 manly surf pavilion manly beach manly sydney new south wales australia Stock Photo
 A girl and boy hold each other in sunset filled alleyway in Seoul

——

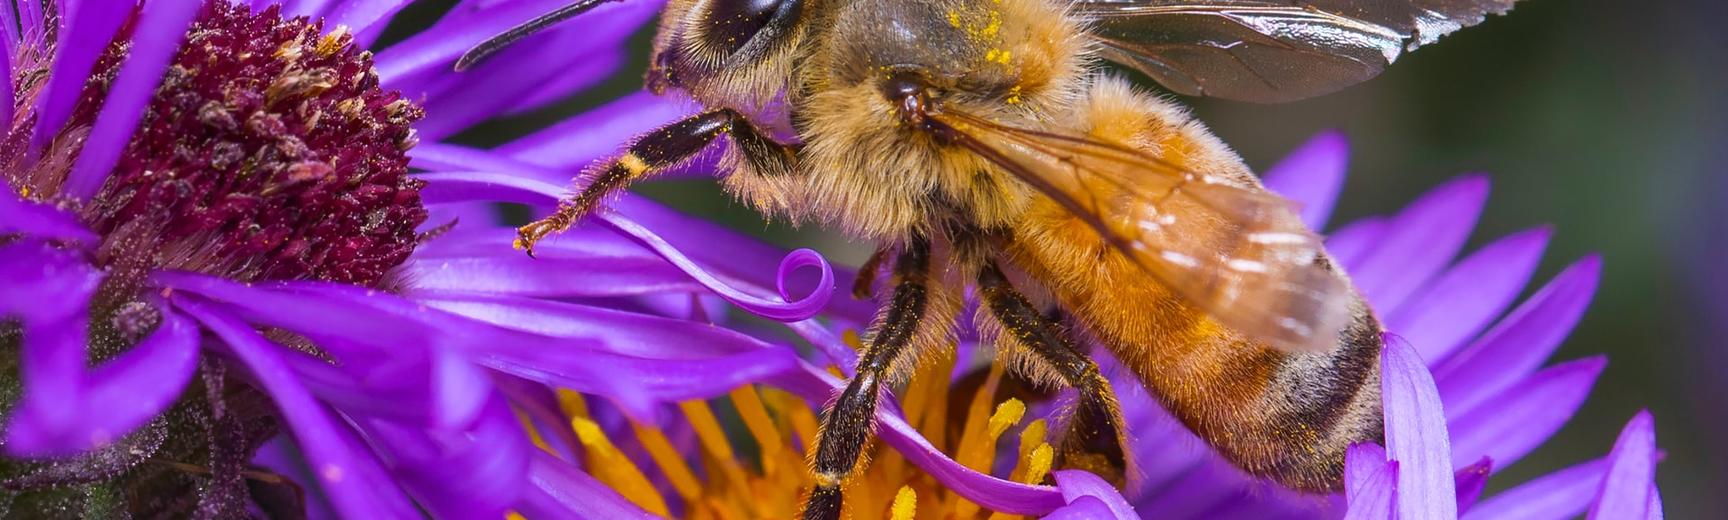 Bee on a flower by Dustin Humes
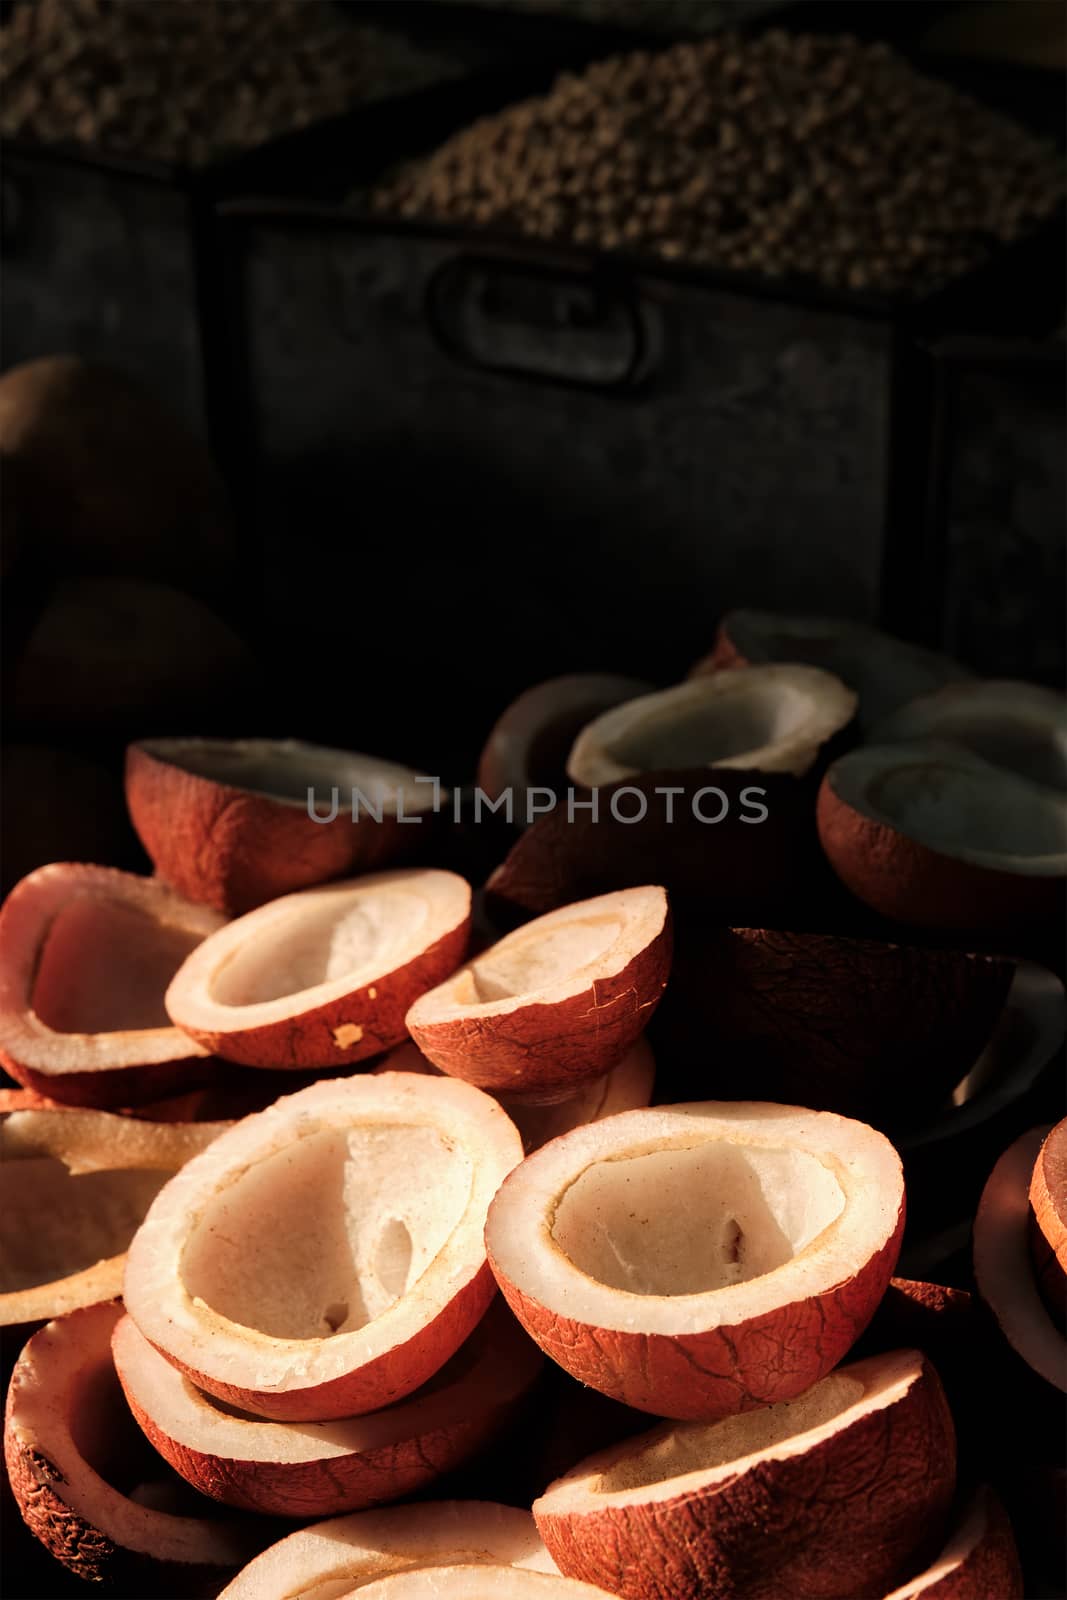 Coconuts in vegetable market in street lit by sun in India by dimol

——

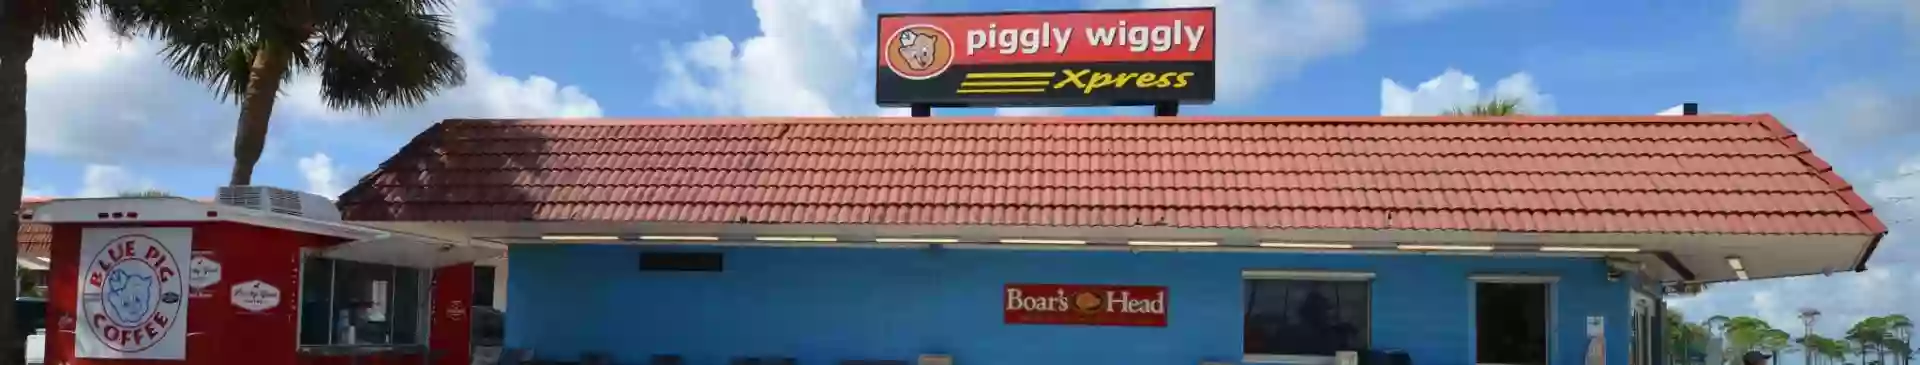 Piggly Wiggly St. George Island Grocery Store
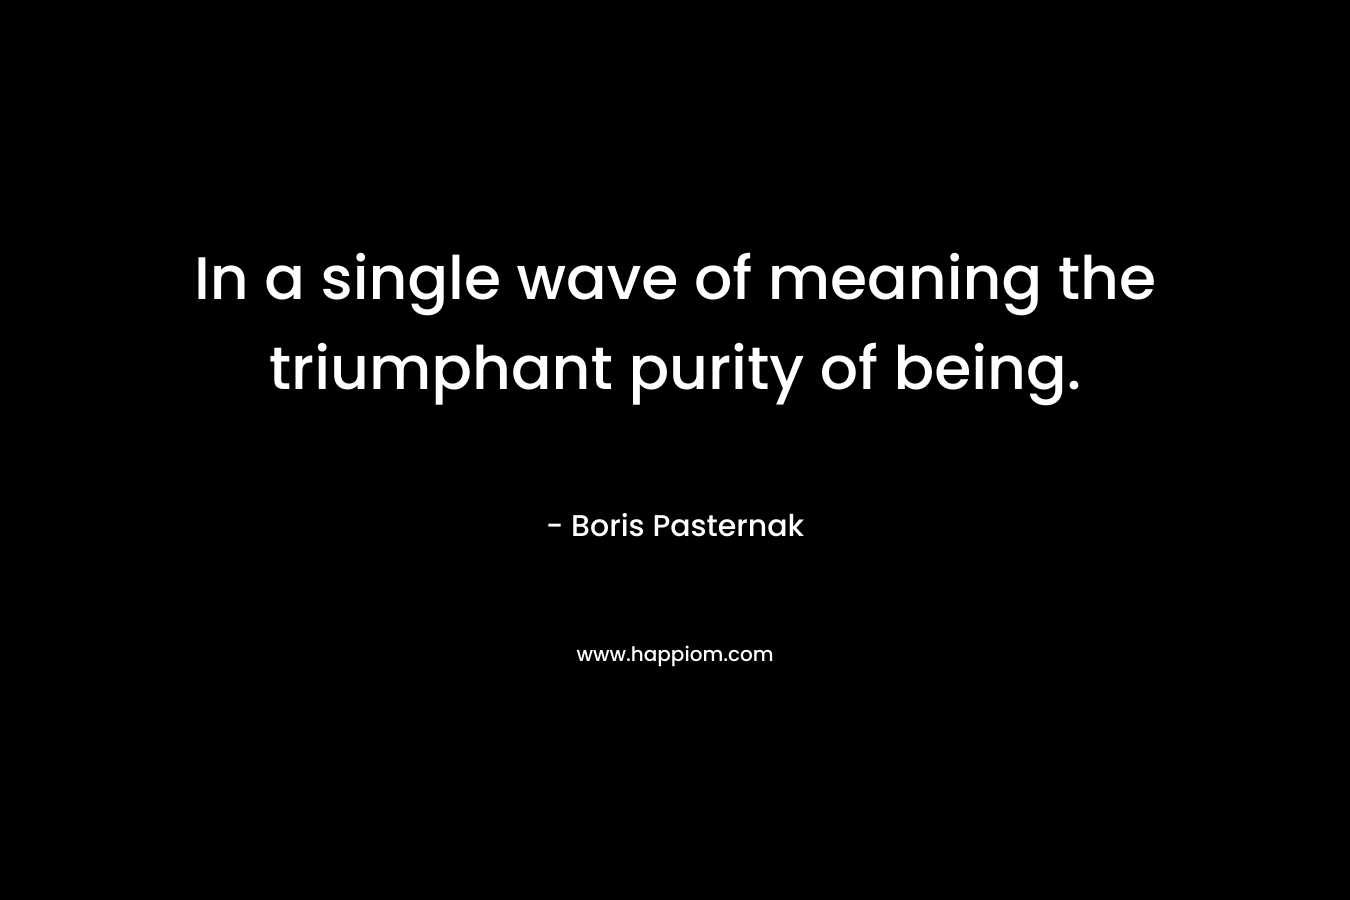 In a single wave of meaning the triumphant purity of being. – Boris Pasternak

——

> _PROBLEM STATEMENT_
Between and including the line with "Piggly Wiggly St." and the line with "In a single", repeat every line exactly as it appears above, with pictures left out.

> _RESULT OF THIS EXERCISE_
 Piggly Wiggly St. George Island Grocery Store
 In a single wave of meaning the triumphant purity of being. – Boris Pasternak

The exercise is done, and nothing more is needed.